The door opened softly, and an Elf entered with a bowl of fruit--brambleberries, I noticed; and suddenly the memory of Sam’s mother and her recognition of how I loved such berries filled me with a feeling of the pleasure of remembering along with a portion of sadness that she’d not lived long enough to see how great her son had grown to become. A few were set on a small plate for me, and a spoon placed in my hand. I managed to eat them all, and I set down the spoon, grateful to be finished. Elrond again filled the goblet with water and gave it to me to drink, although I found this time I could do little more than sip at it.
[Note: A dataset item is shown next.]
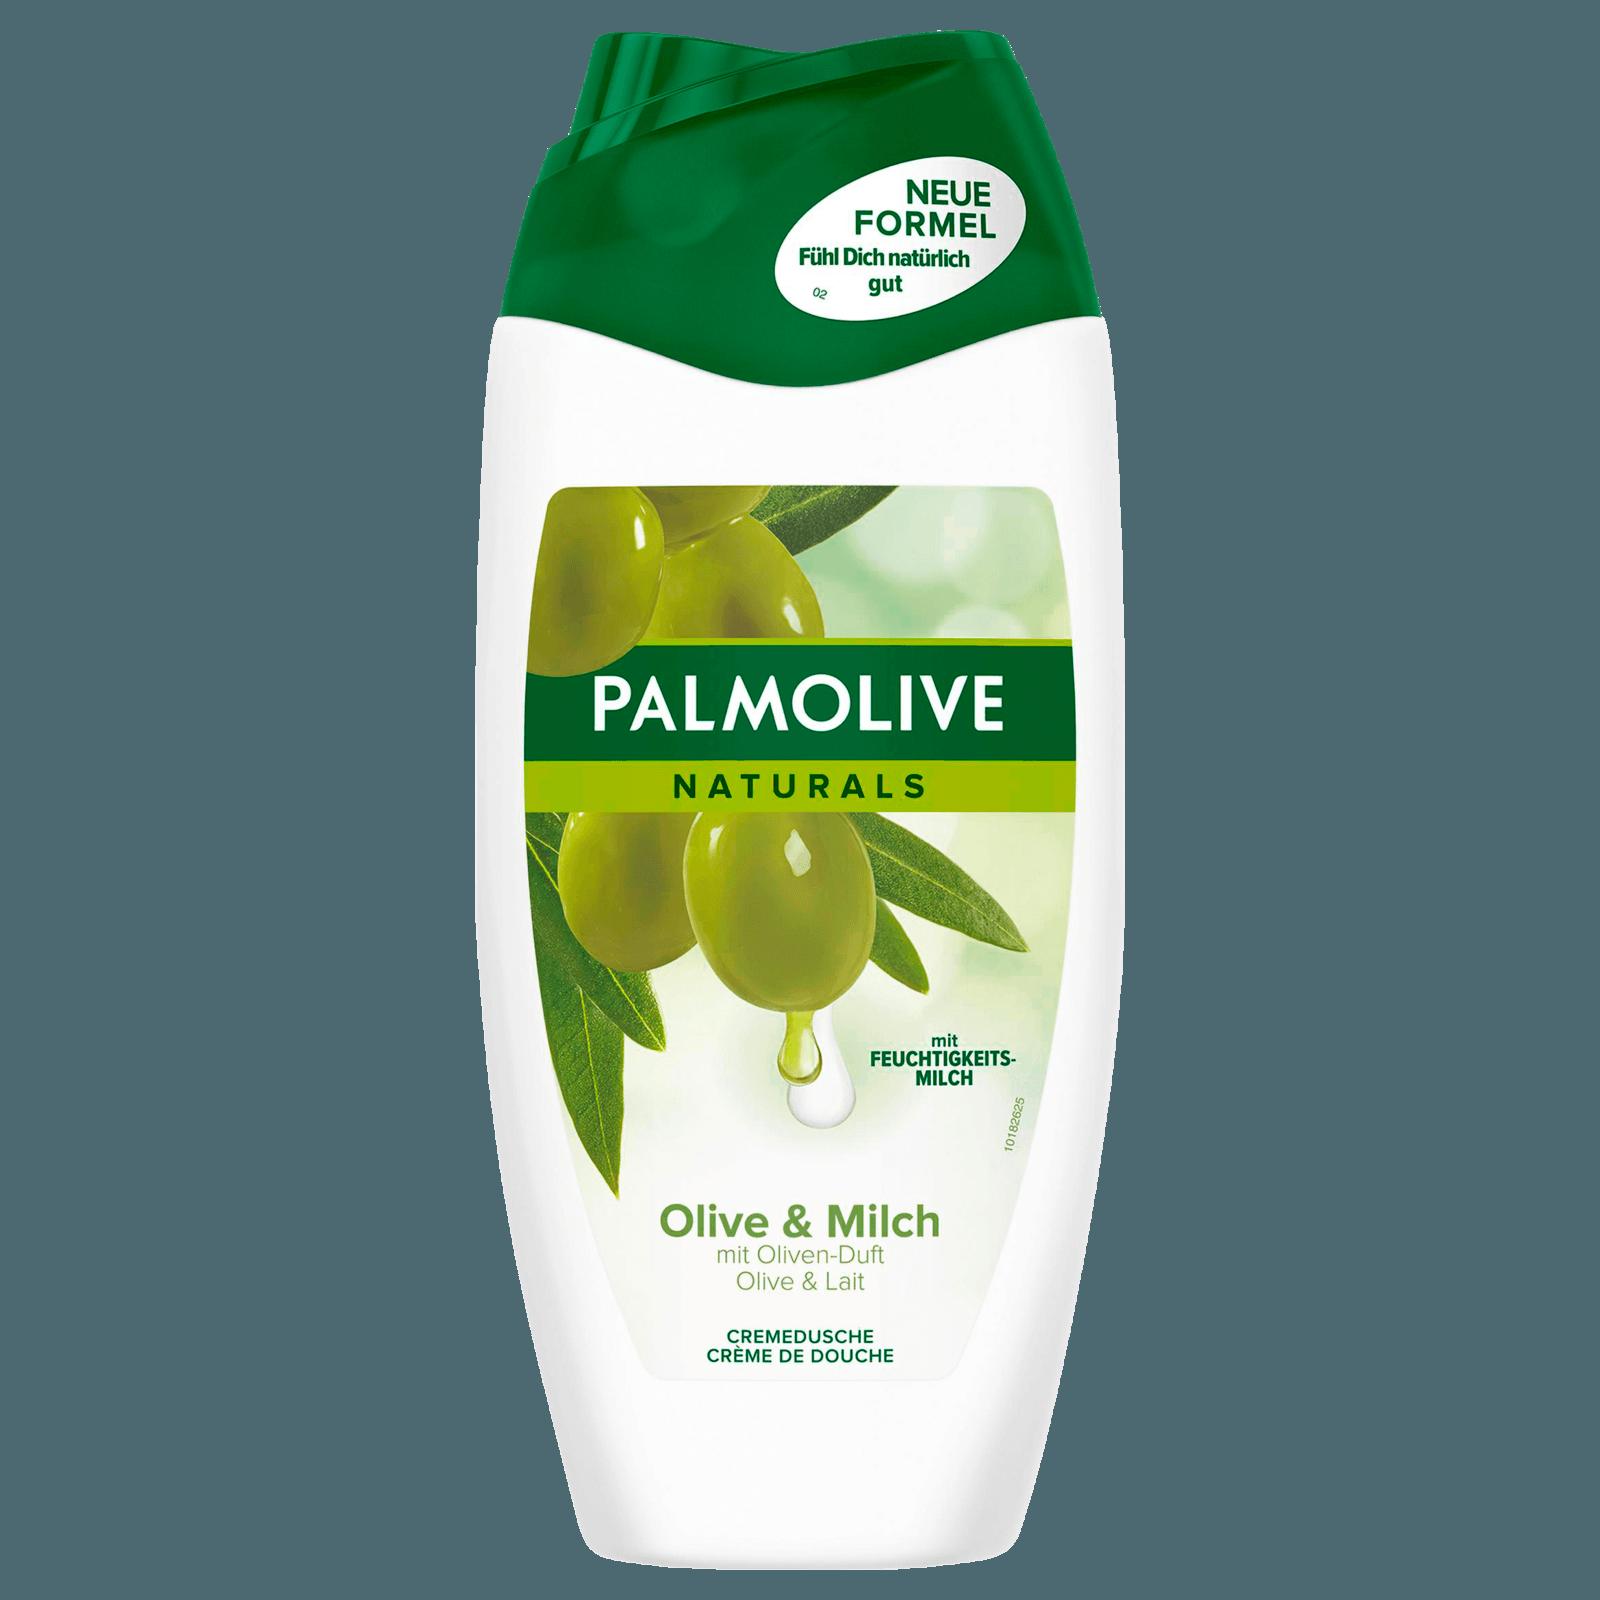 Palmolive Cremedusche Naturals Olive und Feuchtigkeitsmilch 250ml

Finally Galadriel spoke again. "You need not come into the salon if it overwhelms you. But you do need at times to leave your cabin and to be with others. At such times we will gladly meet you here. And be warned we will be watching you and watching over you, Ringbearer. You deserve to be able to know sheer joy once more ere you take that Way." And Elrond took me back to my room. The brazier was once again lit, and as he helped me disrobe and put on again the nightshirt, a knock at the door heralded the arrival of Gildor once more, this time carrying the basin of water and a packet of athelas leaves. As I readied myself for sleep Elrond again set the bowl into its place in the ring over the brazier, breathed on one of the leaves and bruised it, then dropped it gently into the now steaming water as he sang the Invocation over it. He then aided me into the high bed and settled the coverings low over my chest, opened the shirt to examine my shoulder, then had me sit up higher so he could look at the place on the back of my neck which still had the ability to make Sam blanch, and sighed. He place his hand upon it, and sang over it. As he sang, Gandalf opened the door and entered, placed his right hand over Elrond’s, and joined the singing. This time Light did not fill me, but instead it felt as if some of the darkness which had begun seeking to engulf my body and soul was being forced out of me, and relieved I finally lay back and sighed, then closed my eyes and let sleep take me.